▶ About this task:
Exact reproduction of the listing is required. Pictures are not reproduced.

▶ Dataset content:

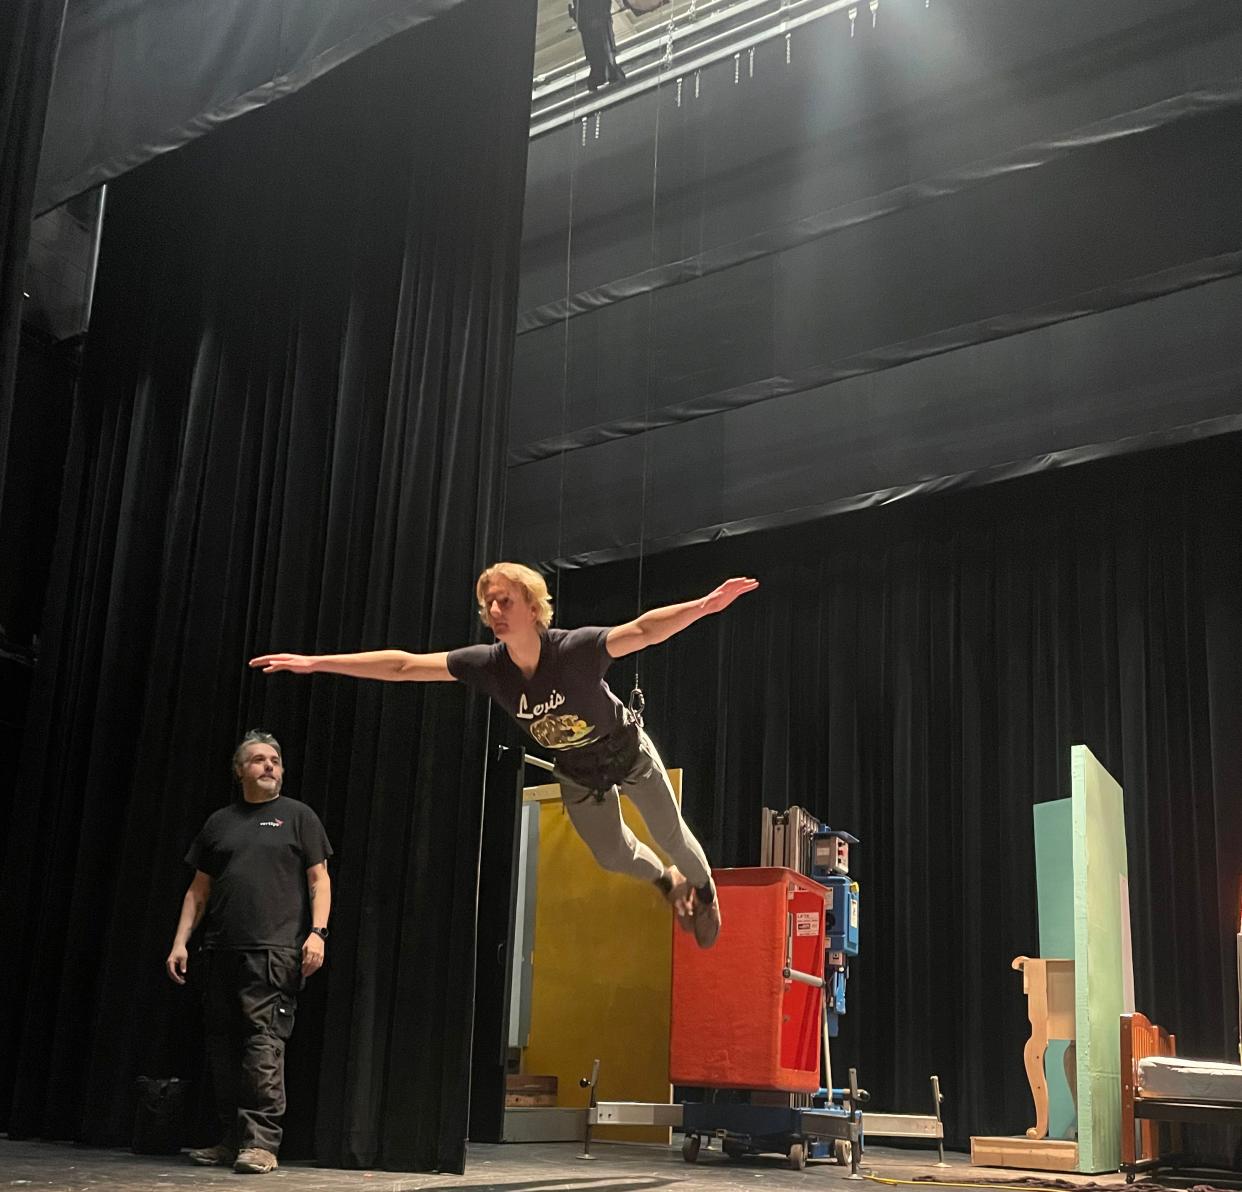 A Plymouth High School student practices flying on stage in preparation for the annual musical, which will be 'Mary Poppins.'
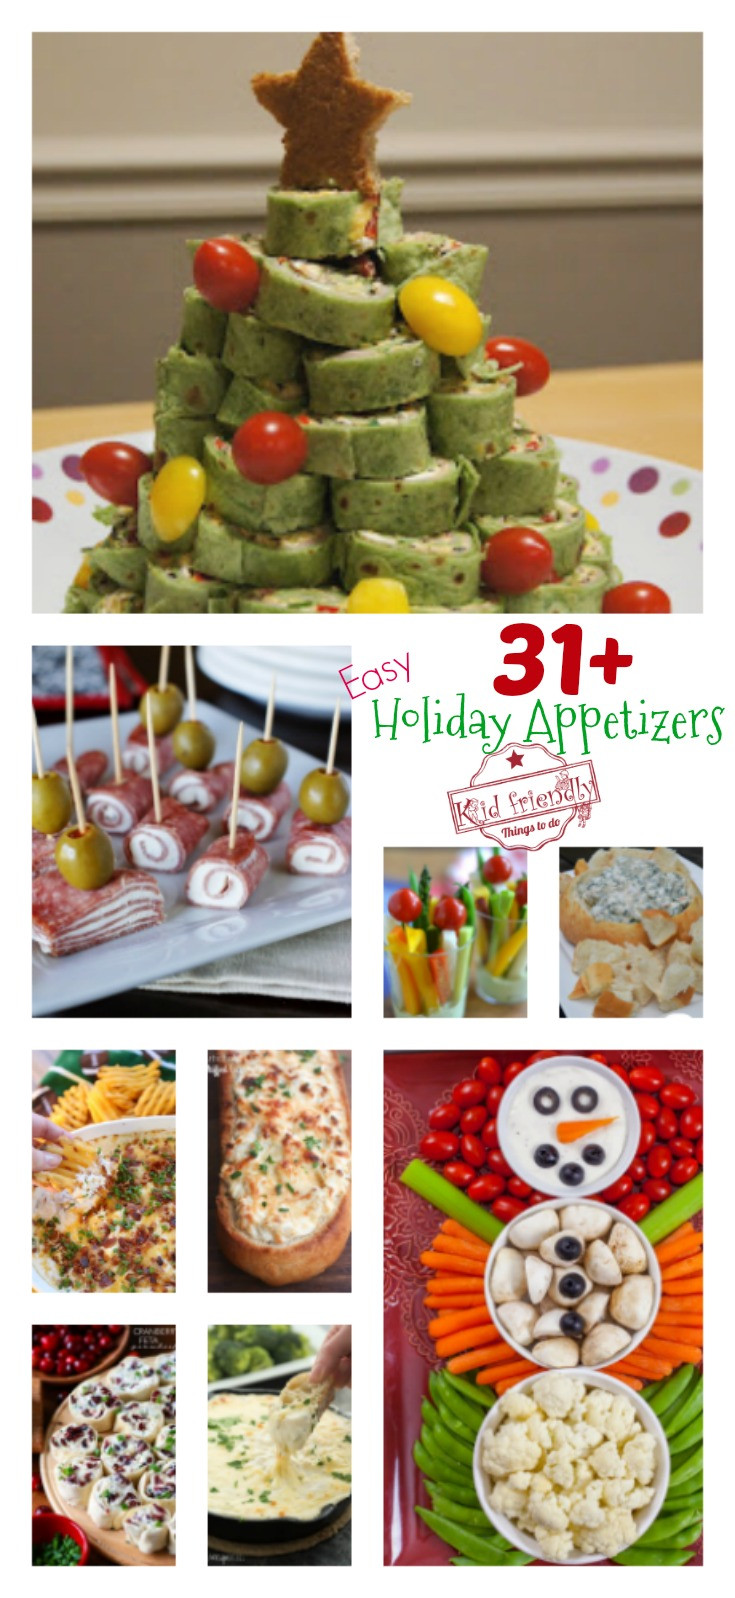 Appetizers For Christmas
 Over 31 Easy Holiday Appetizers to Make for Christmas New

▶ Task result:
 A Plymouth High School student practices flying on stage in preparation for the annual musical, which will be 'Mary Poppins.'
 Appetizers For Christmas
 Over 31 Easy Holiday Appetizers to Make for Christmas New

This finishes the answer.